I'm not from Iowa, but in the video, I assume they are just shooting water onto the road? Is that legal? Even if it is shooting directly into a storm sewer, that may not be legal too. Id imagine the local municipality, DPW or WWTP might frown upon it, especially if it is a combined sewer.


----------



## krusej23 (May 8, 2018)

I will pump some of it onto the rest of the yard like I did last fall and if I get crazy enough with a long enough piping, I'll pump it to the storm drain in mu driveway. That's where we legally pump our basement sump pump to and I had asked the city planning and zone guy if I could pump this flood water to the street and he said it was ok. I won't be pumping it to the neighbor's yard because that would just come right back to me.


----------



## Tadow781 (Oct 11, 2019)

Yes, for sure then, Tsurumi pump, but it's a 2" line so, obviously you'd need a 2" line. Something like a 2" layflat hose would be easy enough to store and haul around when needed. I wouldn't even worry about a bucket, I'd just sit it on a scrap piece of plywood and it'll pump it out.

As far as flow rate, Likely, you will be operating to the far right of any curve since you are not lifting the water or have any back pressure.

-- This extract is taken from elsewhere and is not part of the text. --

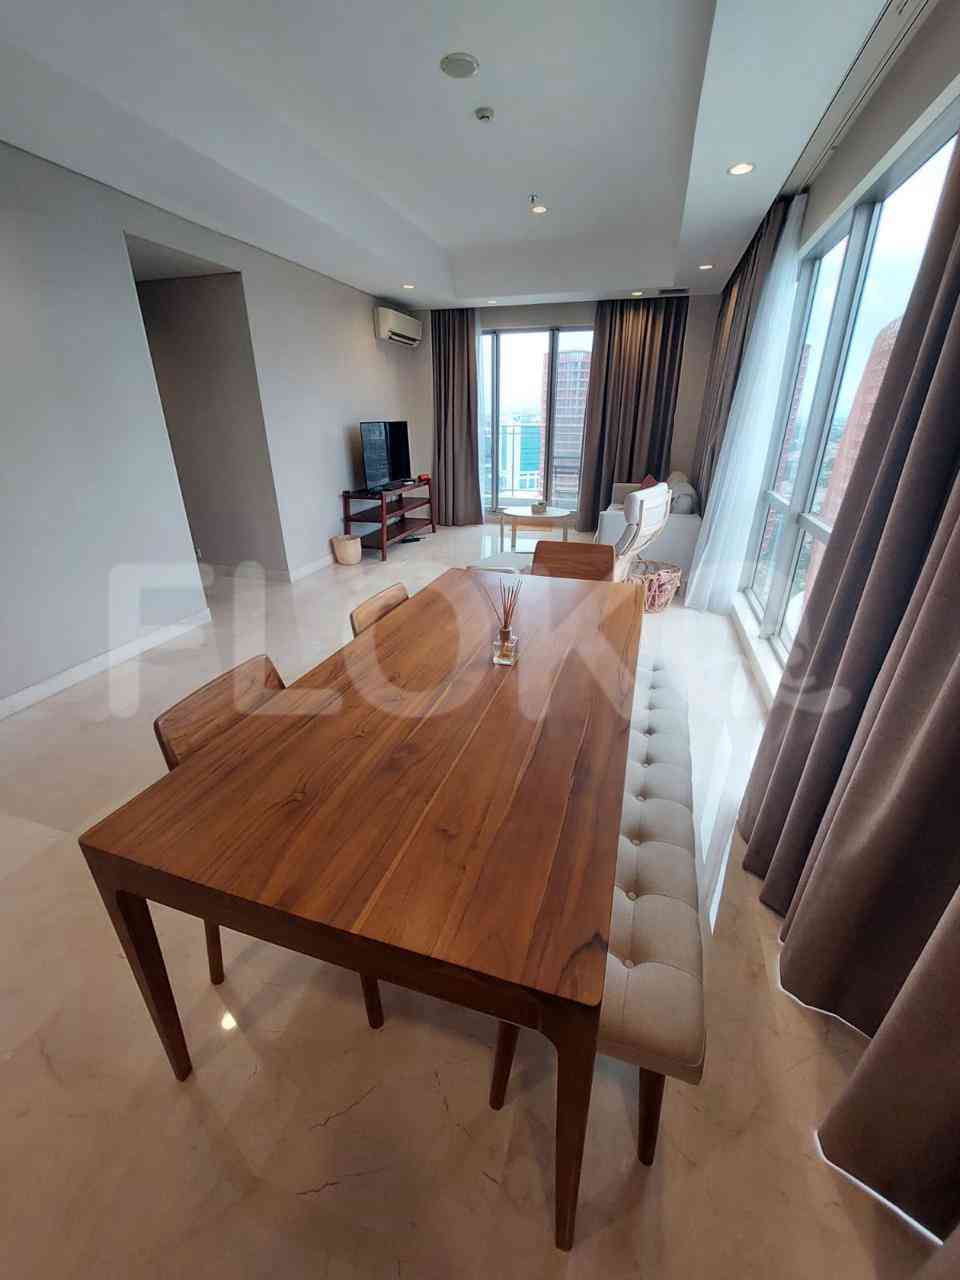 3 Bedroom on 15th Floor for Rent in Apartemen Branz Simatupang - ftb8f9 5

So, that Tsurumi HS you will likely be around the 50gpm mark, which is basically half a tanker truck of water every couple hours.

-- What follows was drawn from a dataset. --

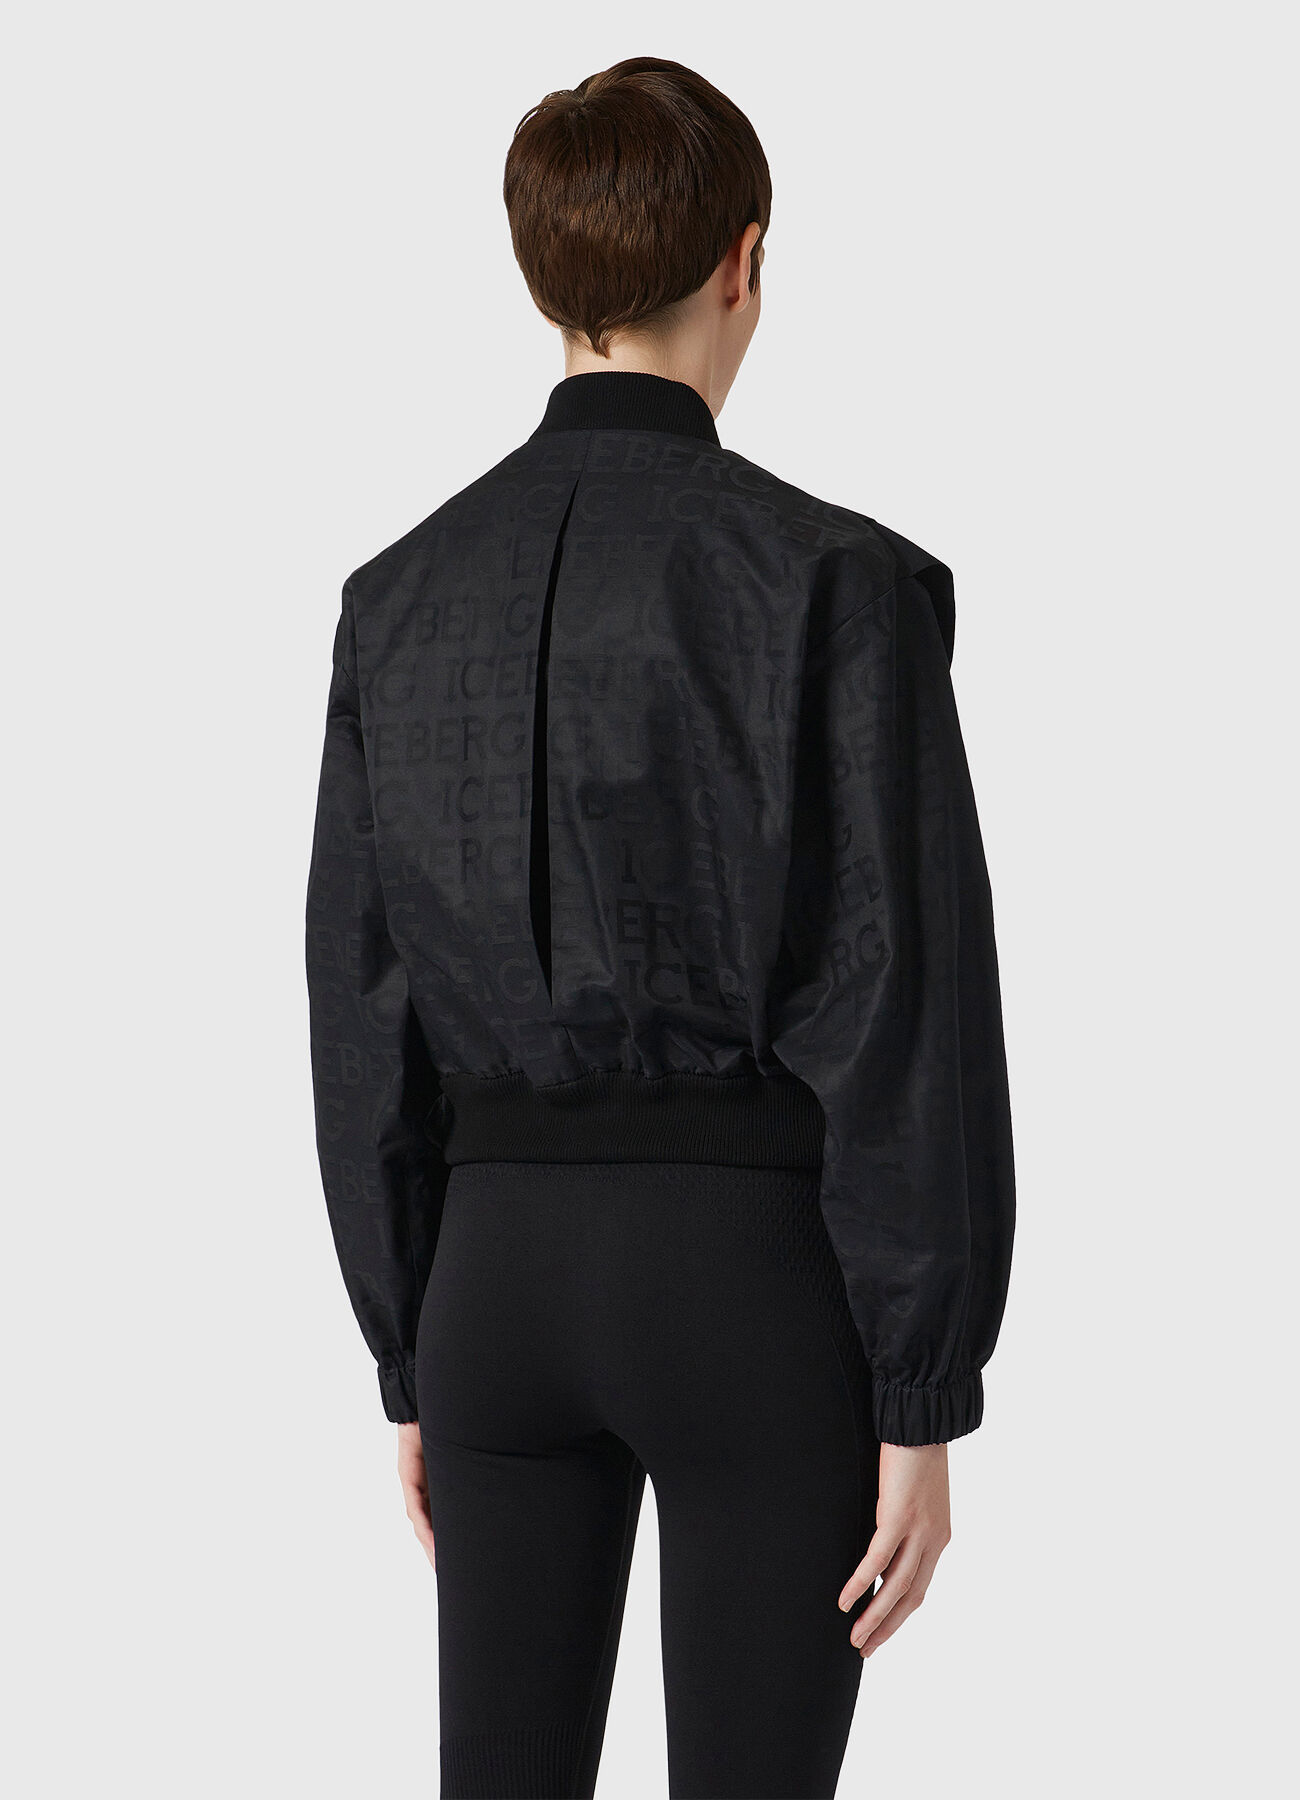 Black jacket with logo accent brand ICEBERG — Globalbrandsstore.com/en

Again, down the road if you run into an emergency you can throw this in. If you want to get crazy, it can be operated with a piggy back switch, otherwise it's manual operation as a standard setup.


----------



## southernbuckeye (Sep 29, 2019)

Can you rent a trencher and install a French drain to the street? Not sure what the grading difference is between your low spot and the road, but if it's less than 2 feet or so it seems like it's possible without going to the hassle of some sort of temporary deal like a bucket and pump. You'd have maybe $500 and your own labor in something like this.


----------



## krusej23 (May 8, 2018)

southernbuckeye said:


> Can you rent a trencher and install a French drain to the street? Not sure what the grading difference is between your low spot and the road, but if it's less than 2 feet or so it seems like it's possible without going to the hassle of some sort of temporary deal like a bucket and pump. You'd have maybe $500 and your own labor in something like this.


It is much more than 2 feet of fall from the street to the backyard unfortunately.


----------



## Tadow781 (Oct 11, 2019)

Your probably close to 500 if you got the residue kit, layflat hose and piggy back switch. But your not out 500, you have a working pump that can handle debris and can run dry for a period of time. Unlike a basic sump pump that as soon as it runs dry your seals are shot. But yeah, a yard drain and tied into storm sewer would be ideal. If you can tie directly into the storm sewer. If you have to tie into your sump pump line, id be worried about debris getting into the line and causing a problem downstream from your home sump pump. But maybe not.


----------



## krusej23 (May 8, 2018)

It won't ever tie into the sump line from the house because that runs under my driveway. Found that out the hard way a couple years ago. It will be just pumped around the yard until I can get it to recede a little bit and that's it. I'm not pumping that whole area dry.


----------



## twolf (Jan 25, 2019)

Looking at the bird-eye picture, you are solving your neighbor's problem... Most of the water is on his property, and if you're pumping it, you are helping him for free. How about negotiate a common solution with you paying a part of the cost?

Another way to maybe look at this: How deep this pool on your yard? If it is like 1 ft, I would consider a retaining wall along the property line and a dirt fill. If less, it can be just grading towards his property. You will solve it for good. Wet-loving tree and shrubs will still love it there, but you be able to walk, not wade on this part of your property.


----------



## krusej23 (May 8, 2018)

It is only an inch to two inches tops that is actually in my yard the day after it rains. My yard gently slopes down to the neighbors yard so most of it stays in their yard. I added dirt a year or two after we moved in to help keep it in their yard as much as possible. I think part of the problem is my neighbor has two or three downspouts on that side of the house and they all go to that area but could easily be rerouted to the driveway or front yard area so they at least absorb into the ground as it works that way to the low area. What's funny is they built their shed right in the middle of the low area so they get water in their shed when this happens. They just open the door and let it dry out haha. I purposely built my shed right outside of the flooded area.

My goal is not to make this a big ordeal of a fancy pump or piping. I don't want to spend $500 to remedy the problem. I want to have something available to me that I can speed up the drying process on my side of the yard. Could I slap a sewage pump down in a basin and run some lay flat tubing out into the yard? Then I could reuse the sump pump if I ever had problems in my basement. Thanks for all of the suggestions. I don't think I was very clear in my original post.


----------



## Ware (Jan 28, 2017)

krusej23 said:


> It is only an inch to two inches tops that is actually in my yard the day after it rains...


If that's the case, I would just fill/raise that area of your lawn by a couple inches.


----------



## Ware (Jan 28, 2017)

twolf said:


> Looking at the bird-eye picture, you are solving your neighbor's problem...


I would tend to agree.


----------



## krusej23 (May 8, 2018)

Ware said:


> twolf said:
> 
> 
> > Looking at the bird-eye picture, you are solving your neighbor's problem...
> ...


I am probably helping them by helping myself but my side always dries up way before there yard does because my area is higher up than theirs. I think bringing in some more dirt could definitely work. It would be A LOT of dirt unfortunately but something I've wanted to do for awhile to level out some areas right around there.


----------